Phi-3 was designed to be safe for enterprises to use with guardrails to reduce bias and toxicity. Even back when it was first announced, Microsoft’s Bubeck promoted its capability to be fine-tuned for specific enterprise use cases.

“You can bring in your data and fine-tune this general model, and get amazing performance on narrow verticals,” he told us.

But at that point, there was no serverless option to fine-tune it: if you wanted to do it, you had to set up your own Microsoft Azure server or download the model and run it on your own local machine, which may not have enough space.

Serverless fine-tuning unlocks new options

Today, however, Microsoft announced the general public availability of its “Models-as-a-Service (serverless endpoint)” in its Azure AI development platform.

It also announced that “Phi-3-small is now available via a serverless endpoint so developers can quickly and easily get started with AI development without having to manage underlying infrastructure.”

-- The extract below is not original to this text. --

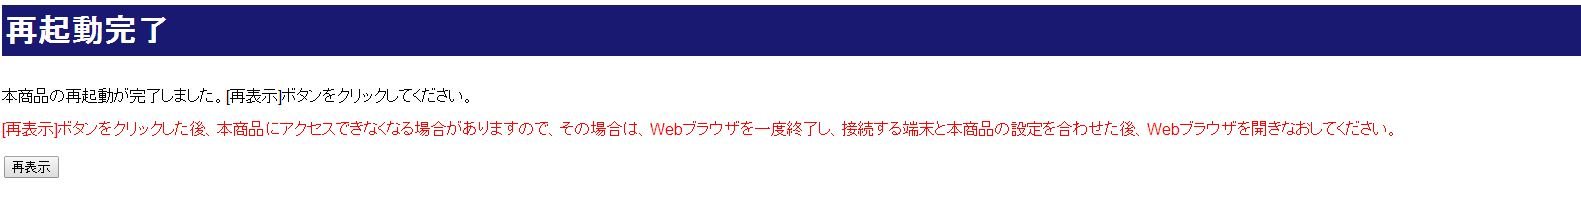 9_20140701180401787.jpg
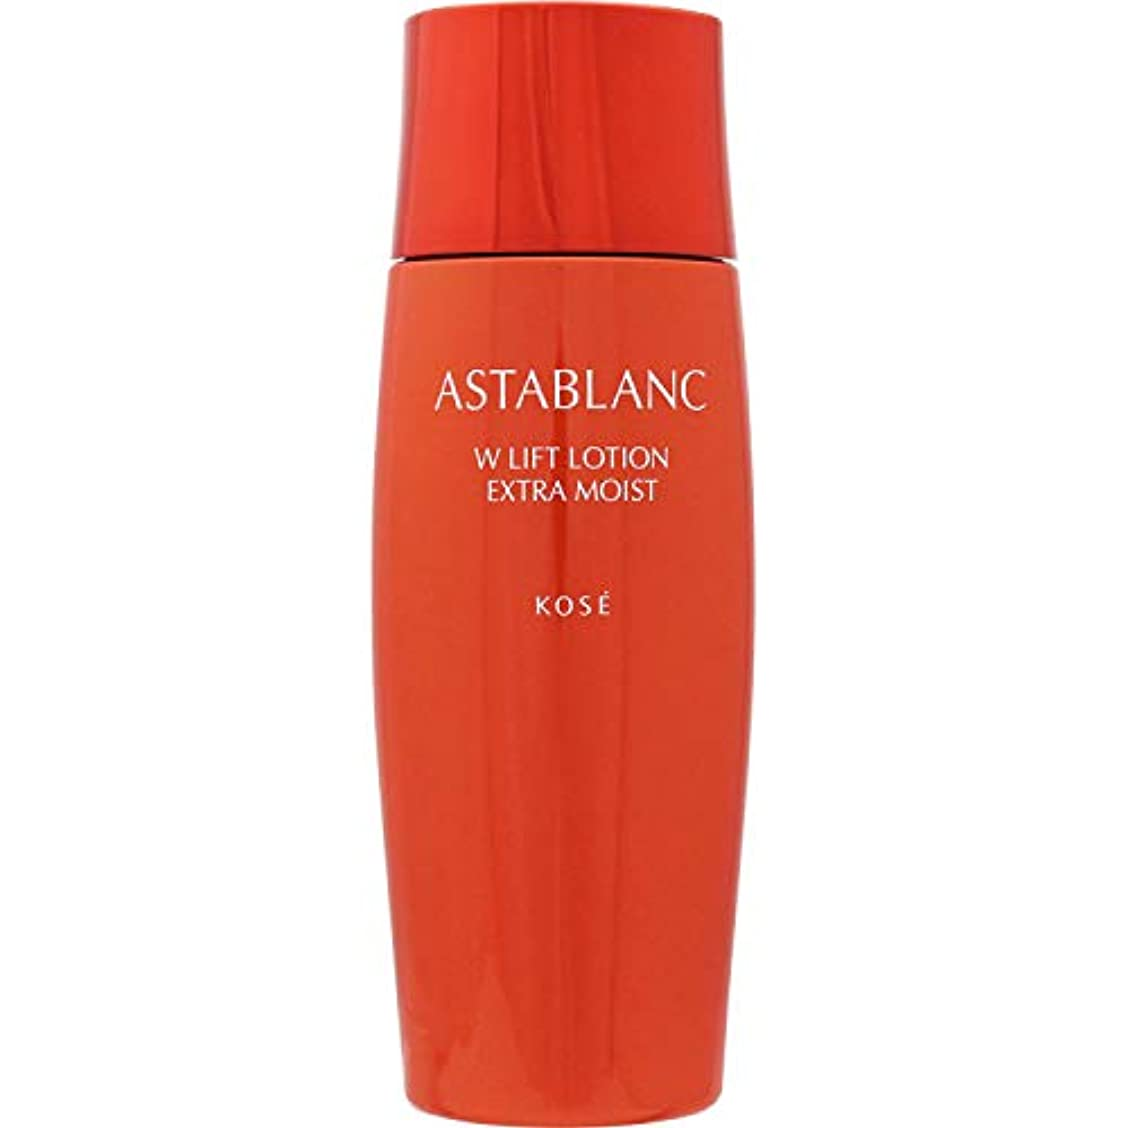 コーチジャンル痛いASTABLANC(アスタブラン) アスタブラン Wリフト ローション とてもしっとり 化粧水 140mL

Phi-3-vision, which can handle imagery inputs “will soon be available via a serverless endpoint” as well, according to Microsoft’s blog post.

But those models are simply available “as is” through Microsoft’s Azure AI development platform. Developers can build apps atop them, but they can’t create their own versions of the models tuned to their own use cases.

For developers looking to do that, Microsoft says they should turn to the Phi-3-mini and Phi-3-medium, which can be fine-tuned with third-party “data to build AI experiences that are more relevant to their users, safely, and economically.”

“Given their small compute footprint, cloud and edge compatibility, Phi-3 models are well suited for fine-tuning to improve base model performance across a variety of scenarios including learning a new skill or a task (e.g. tutoring) or enhancing consistency and quality of the response (e.g. tone or style of responses in chat/Q&A),” the company writes.

Specifically, Microsoft states that the educational software company Khan Academy is already using a fine-tuned Phi-3 to benchmark the performance of its Khanmigo for Teachers powered by Microsoft’s Azure OpenAI Service.

A new price and capability war for enterprise AI developers

The pricing for serverless fine-tuning of Phi-3-mini-4k-instruct starts at $0.004 per 1,000 tokens ($4 per 1 million tokens), while no pricing has been listed yet for the medium model.

While it’s a clear win for developers looking to stay in the Microsoft ecosystem, it’s also a notable competitor to Microsoft’s own ally OpenAI’s efforts to capture enterprise AI developers.

And OpenAI just days ago announced free fine-tuning of GPT-4o mini up to 2 million tokens per day through September 23rd, for so-called “Tier 4 and 5” users of its application programming interface (API), or those who spend at least $250 or $1000 on API credits.

Coming also on the heels of Meta’s release of the open source Llama 3.1 family and Mistral’s new Mistral Large 2 model, both of which can also be fine tuned for different uses, it’s clear the race to offer compelling AI options for enterprise development is in full swing — and AI providers are courting developers with both small and big models.